Saat keluar dari gedung utama, tiba-tiba aku melihat sosok yang sangat aku kenal, berjalan terburu ke area belakang gedung lapangan basket indoor. Sosok itu adalah Zayyan. Yang membuatku terkejut dan terasa jantungku diremas kuat adalah Zayyan berjalan dengan menggandeng seorang siswi.
Siapa itu? Mengapa Zayyan menggenggam tangannya? Sontak aku mencoba mengikuti mereka.
Di belakang lapangan indoor, ada sebuah gudang yang jarang didatangi oleh penghuni sekolah, disanalah Zayyan dan siswi itu berada sekarang. Mereka terlihat celingukan dengan tangan yang masih menggenggam. Aku berdiri tidak jauh dari sana, mencoba mendengar percakapan keduanya.
"Kenapa sih kita harus sembunyi-sembunyi kayak gini Beb sekarang kalau ketemu?" ucap siswi itu, merajuk pada Zayyan.
"Maaf ya, Beb. Ada sesuatu pokoknya. Aku janji bakal segera beresinnya. Kamu sabar ya."
"Jangan-jangan kamu punya cewek lain ya?!" suara siswi itu meninggi.
"Nggak, Beb. Pacar aku cuma kamu, kok." Zayyan meraih kedua pipi siswi itu, "Percaya sama aku. Kita 'kan udah pacaran hampir setahun. Gak mungkin aku khianatin kamu."
1 tahun?! Zayyan sudah berpacaran dengan siswi itu selama 1 tahun?
Sosok Zayyan yang selama ini selalu aku sanjung karena begitu lembut dalam memperlakukanku, setia, dan baik hati, pupus sudah. Butiran bening mulai menggenang di pelupuk mataku. Sakit rasanya mengetahui kenyataan ini.
Seakan dibubuhi garam pada luka yang baru saja ditorehkannya, kini aku melihat Zayyan mendekatkan wajahnya pada siswi itu dan mencium kening siswi itu, kemudian mereka berpelukan sangat erat.
Zayyan mencium dan memeluk perempuan lain disaat ia tidak pernah sama sekali melakukannya padaku. Ditambah, ini di sekolah. Ia selalu mengatakan di sekolah kami harus berhati-hati. Bahkan saat aku memegang tangannya waktu itu di depan UKS, ia tidak membiarkanku menggenggam tangannya terlalu lama. Ia juga tidak pernah mencoba untuk membawaku diam-diam seperti ini untuk bertemu.
'Kenapa Ga?
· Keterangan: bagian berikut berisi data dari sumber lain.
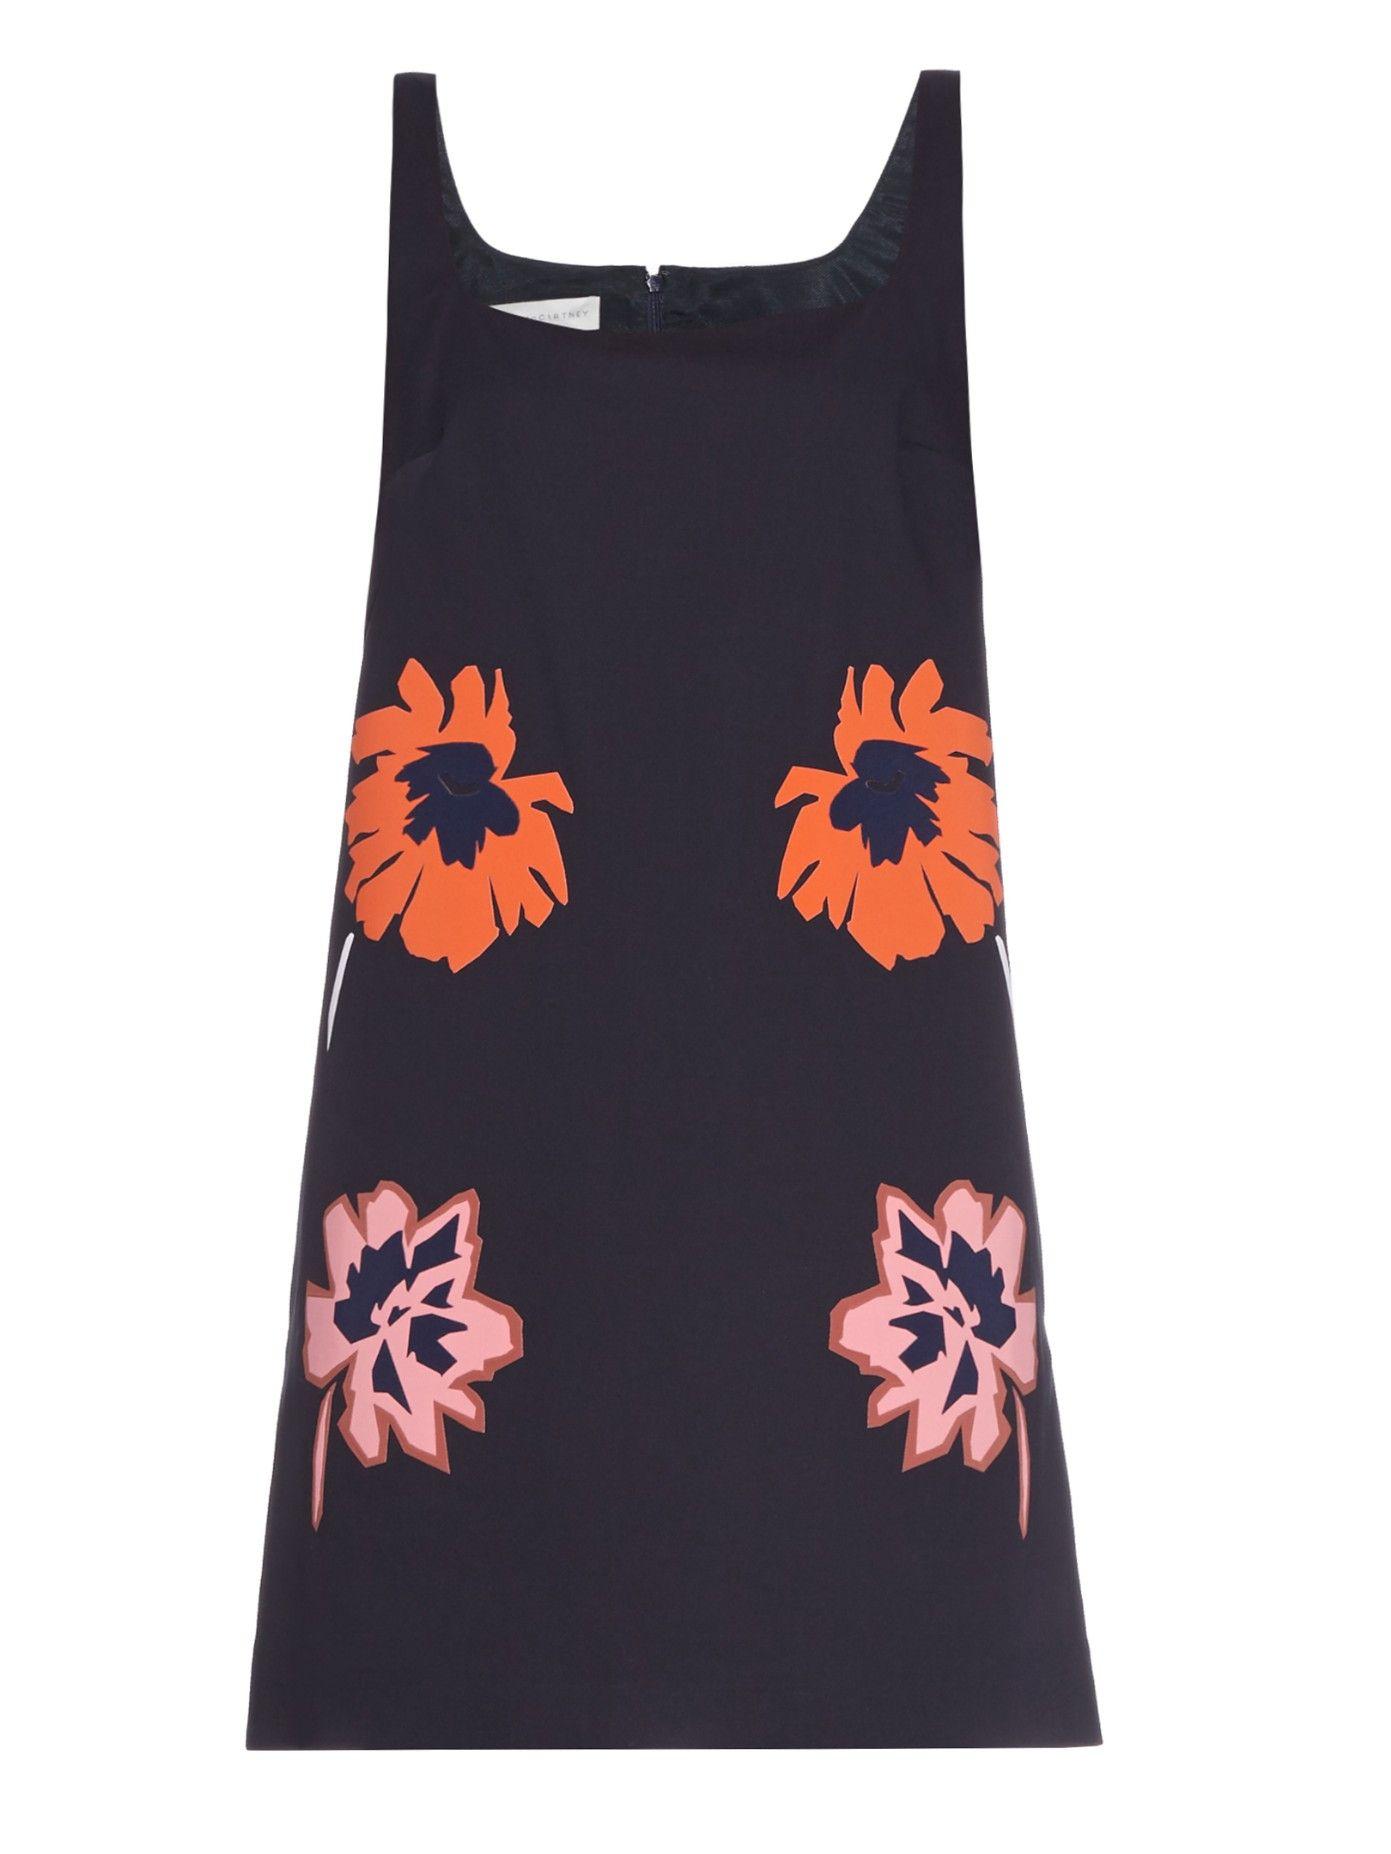 Melissa flower-appliqué mini dress by Stella McCartney | Shop now at #MATCHESFASHION.COM
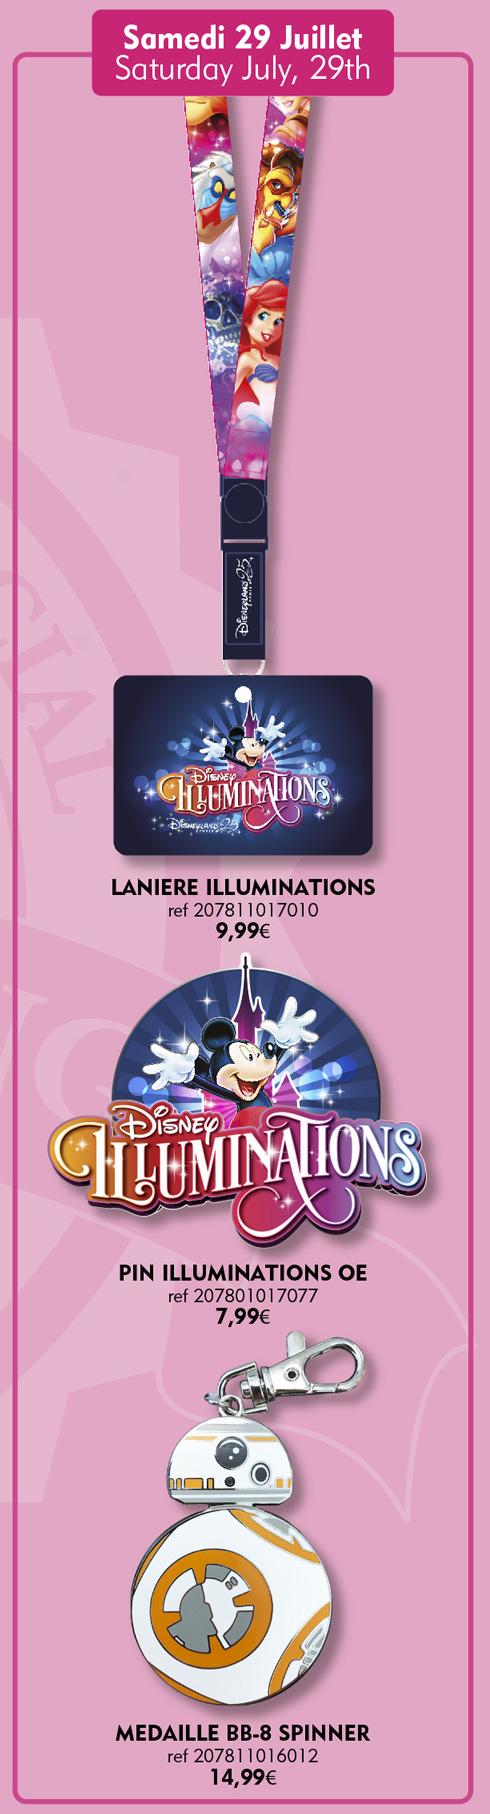 Disneyland Paris Pins For July 29th 2017

Apa aku salah mengartikan perasaan kamu yang aku rasakan sangat tulus? Apa semua yang kamu bilang sama aku itu cuma kebohongan? Apa hanya aku yang merasakan ini semua?' batinku mulai membombardir otakku dengan pertanyaan-pertanyaan sejenis.
Dengan tangan gemetar aku merogoh saku celanaku dan mengambil ponselku. Aku mencoba meneleponnya. Berkali-kali. Namun ia tidak mengangkatnya. Bahkan mencoba melihat siapa yang menelepon saja tidak. Ia masih memeluk siswi itu dengan begitu mesranya.
Aku memutuskan untuk pergi, jika panggilan terakhirku ini tidak juga tersambung padanya. Aku tidak ingin membuat keributan di sekolah ini dengan melabrak Zayyan yang tertangkap basah selingkuh di belakangku. Aku tidak ingin ia terkena masalah, lalu beasiswanya dicabut. Aku tidak tega melakukannya.
Aku merutuki diriku sendiri yang masih saja mempedulikannya di saat ia sudah berkhianat padaku seperti ini. Satu yang pasti, setelah ini aku dan Zayyan selesai.
Diabaikan, aku tidak apa-apa. Diselingkuhi? Tidak. Aku tidak bisa. Tak ada alasan untuk mempertahankan sebuah hubungan ketika sudah tidak ada lagi kesetiaan di dalamnya.
"Halo?" Aku tersentak kaget saat tiba-tiba saja panggilanku pada Zayyan tersambung.
"Loh, ini siapa?" tanyaku keheranan.
"Ini Hyuga, Yang. Kenapa? Kok kamu kayak yang bingung?" aku semakin mengerutkan dahiku. Air mata yang sudah membanjiri pipiku aku seka dengan kasar.
Aku melihat ke arah layarku, dan betul, nomor yang sedang tersambung dengan teleponku adalah nomor Zayyan. Suaranya juga suara Zayyan. Tapi mengapa di saat yang sama aku melihat Zayyan berpelukan dengan perempuan lain?